Pour consulter l’arrêt : Cour eur. D. H., 4e ch., Al Aswat c. Royaume-Uni, arrêt du 16 avril 2013, req. n° 17299/12.

- En faveur de l’extradition vers les U.S.A., voyez Cour eur. D. H., Babar Ahmad c. Royaume-Uni, arrêt du 10 avril 2012, req. n° 24027/07.

- Voyez notamment N. Hervieu, « L’esquisse européenne d’un principe de précaution face aux expulsions de personnes affectées de troubles mentaux », Lettre « Actualités Droits-Libertés » du CREDOF, 18 avril 2013.

- Joana Petin, « Extradition et troubles mentaux : la prise en compte croissante de la vulnérabilité par la Cour européenne des droits de l’Homme », GDR-ELSJ, 23 avril 2013.

Pour citer cette note : S. Sarolea, « Pas d’extradition vers les États-Unis d’une personne atteinte de graves troubles mentaux », Newsletter EDEM, avril 2013.


[1] Cour eur. D.H., Soering c. Royaume-Uni, 1989, §§ 85 et 91.

[2] Cour eur. D.H., Cruz Varas c. Suède, 1991, § 70.

[3] Cour eur. D.H., Chamaïev et douze autres c. Russie, 2005, § 335.

[4] Concluant à la violation de l’article 3, voyez notamment Cour eur. D.H., Baysakov et autres c. Ukraine, 2010 ; Klein c. Russie, 2010 ; Khaydarov c. Russie, 2010 ; ou encore Zokhidov c. Russie, 2013.

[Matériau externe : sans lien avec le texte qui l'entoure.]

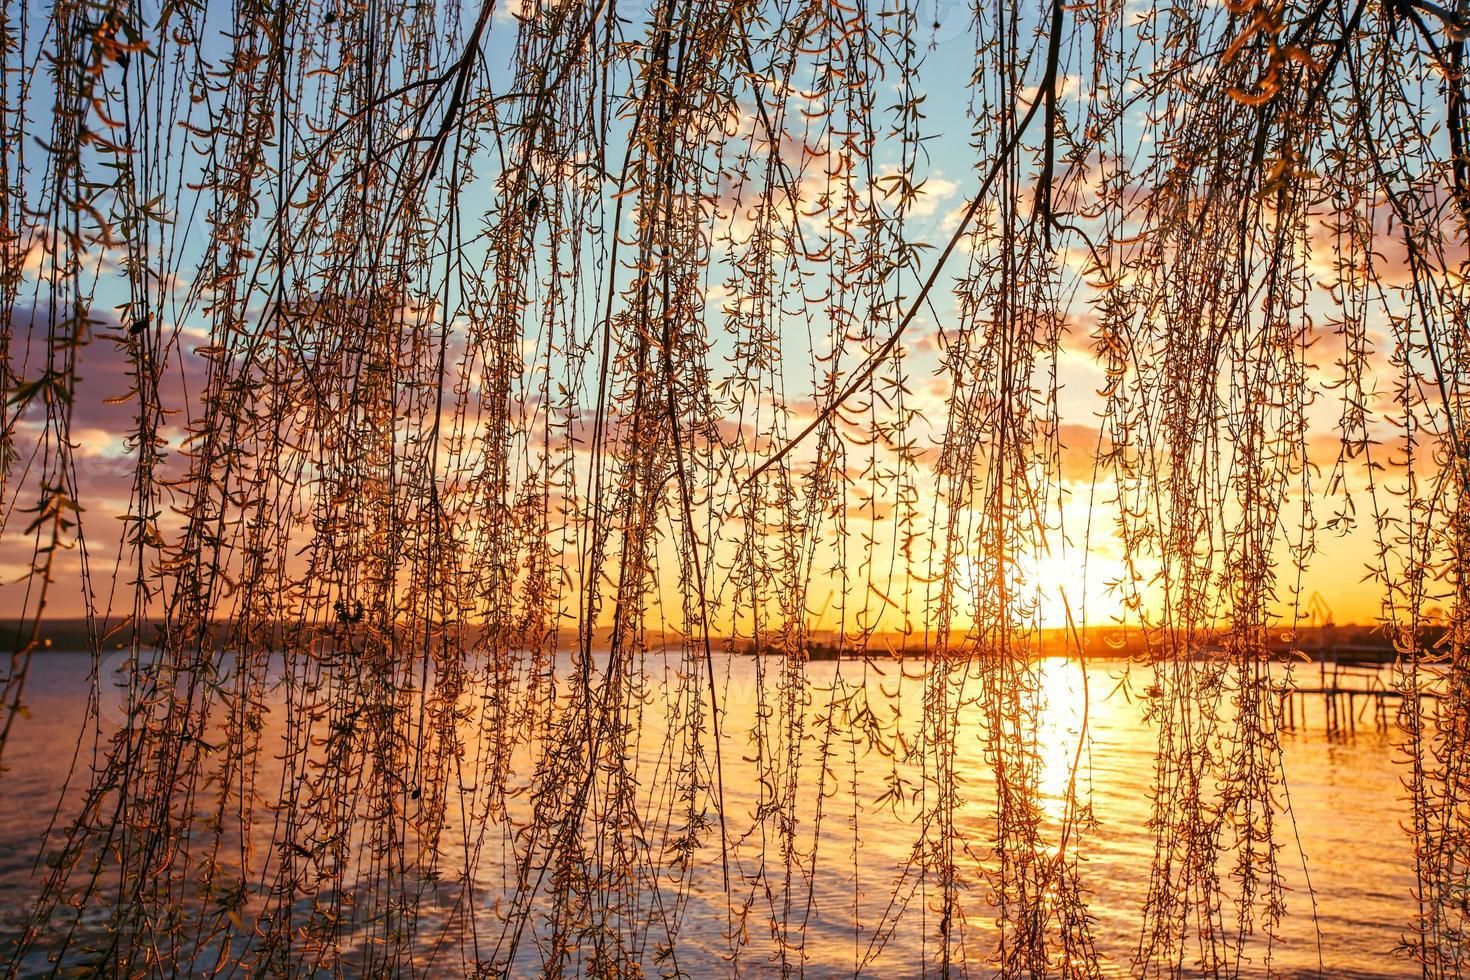 osier au bord de la rivière et beau coucher de soleil photo

[5] Cour eur. D.H., N. c. RU, 2008, § 49.

[6] Ibid., § 50.

[7] Voyez notamment les arrêts n° 92.309 du 27 novembre 2012, n° 92.397 et 92.444 du 29 novembre 2012, n° 92.661 du 30 novembre 2012, n° 92.863 du 4 décembre 2012, n° 92.258 du 27 novembre 2012, prononcé par une chambre à trois juges qui juge qu’un médecin-conseil rejetant une demande fondée sur l’article 9ter, parce que la maladie n’entraîne pas le risque pour la vie, commet une erreur.

[8] Voyez notamment l’affaire Bensaïd c. Royaume-Uni, 2001, §§ 36 à 40 qui conclut à la non-violation de l’article 3 en raison du caractère spéculatif des craintes d’aggravation de l’état de santé mentale.